L’annuncio di Barenboim: "Ho il morbo di Parkinson. Ma dirigerò il più possibile"
Il pensiero del maestro, 82 anni, va alla sua West-Eastern Divan Orchestra: "È mia responsabilità garantirne la stabilità e lo sviluppo a lungo termine" .
Penso sia desidero comune, che i grandi uomini vivano il più a lungo e il più in salute possibile. Daniel Barenboim è un grande, grandissimo artista ma soprattutto un grand’uomo: sicché non meraviglia il suo non avere alcuna remora nel dichiarare pubblicamente d’essere affetto dal morbo di Parkinson, che com’è noto non si sa da cosa sia provocato e per il quale non esiste quindi una cura efficace al di là di alcuni palliativi.

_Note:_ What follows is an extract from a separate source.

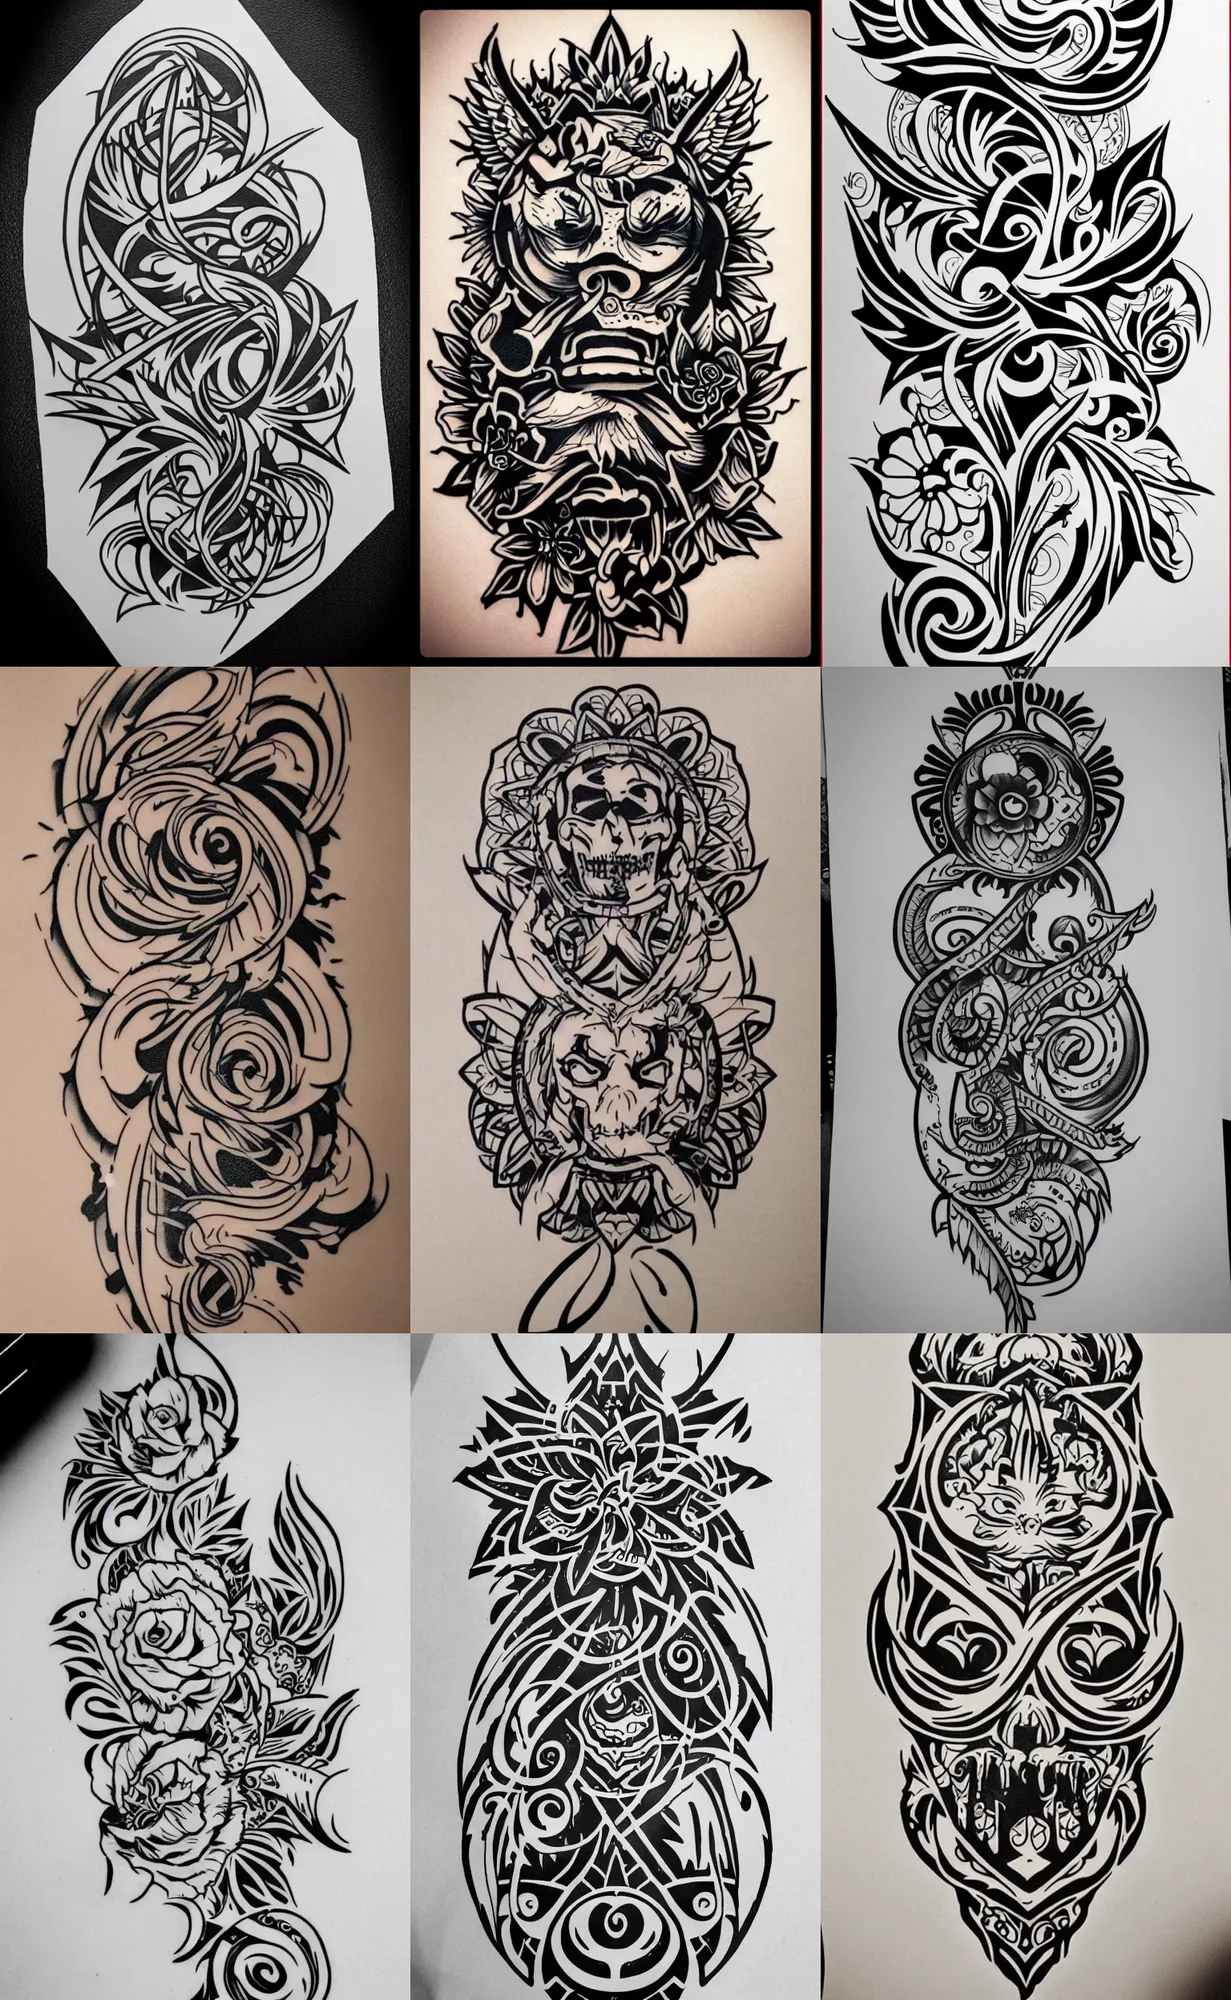 Details more than 75 east side tattoo designs  ineteachers

Il tremore agli arti, e in particolare alle braccia, è quanto di peggio possa capitare a chi senza dubbio alcuno è uno dei maggiori pianisti e direttori d’orchestra degli ultimi sessant’anni (di più, anzi, ove si ricordi che il suo primo concerto pubblico lo diede nel 1949, a sette anni): pianoforte e bacchetta alternati con regolarità da quando salì la prima volta sul podio nel ’67.
Personalità di stupefacente vitalità umana e artistica, Barenboim, il cui immenso carisma lo ha portato fin da subito a non adagiarsi mai nella comoda tinozza dell’artista tra i maggiori e quindi più richiesti dell’universo mondo, ma di prodigarsi con ancor maggiore energia in progetti probabilmente impossibili per chiunque altro. Basti pensare, per fare un solo esempio, a quando riuscì (lui, ebreo argentino con nazionalità spagnola e israeliana), sormontando resistenze ritenute invincibili, a far eseguire alla Filarmonica d’Israele musiche di Wagner, la prima volta respingendo con la bacchetta due o tre dimostranti saliti sul palco a mostrare l’avambraccio sinistro col numero di matricola tatuato ad Auschwitz e ricordare che quelle musiche erano suonate in quegli infami luoghi: da lì partì un incessante lavoro organizzativo ma soprattutto ideologico che ha portato alla fondazione, nel 1999 – dieci anni esatti dalla caduta del muro di Berlino – della West-Eastern Divan Orchestra, formata da musicisti israeliani e palestinesi, di cui è direttore musicale.
Un uomo così, non si ferma. Puntualmente, nel comunicare che il suo momentaneo ritiro dall’attività per una serie di ricoveri era terminato con la definitiva diagnosi del Parkinson, ha altresì annunciato che riprenderà a dirigere. Meno, magari, ma dirigerà. Noi comuni mortali, probabilmente, non siamo in grado di comprenderne la necessità: chiaro come un annuncio del genere significhi anche mettere le mani avanti sulla qualità delle sue direzioni, che difficilmente potrà essere pari alle sue – eccelse – precedenti. D’altronde, di direttori con gestualità poco o tanto criptica ce ne sono e ce ne sono stati tanti, di nome anche aureolato di fama (basti citare Wilhelm Furtwängler o Giuseppe Sinopoli): ed è presumibile che la sua attività sarà circoscritta a orchestre che lo conoscono da tempo e possono quindi decifrare un gesto un po’ confuso contando invece sul precedente lavoro di concertazione. Una cosa è sicura: a ottantadue anni e col Parkinson, Barenboim troverà sempre il modo di far emergere la sua eccezionale personalità di artista fuori dagli schemi, mai banale e meno che mai sterilmente ripetitivo.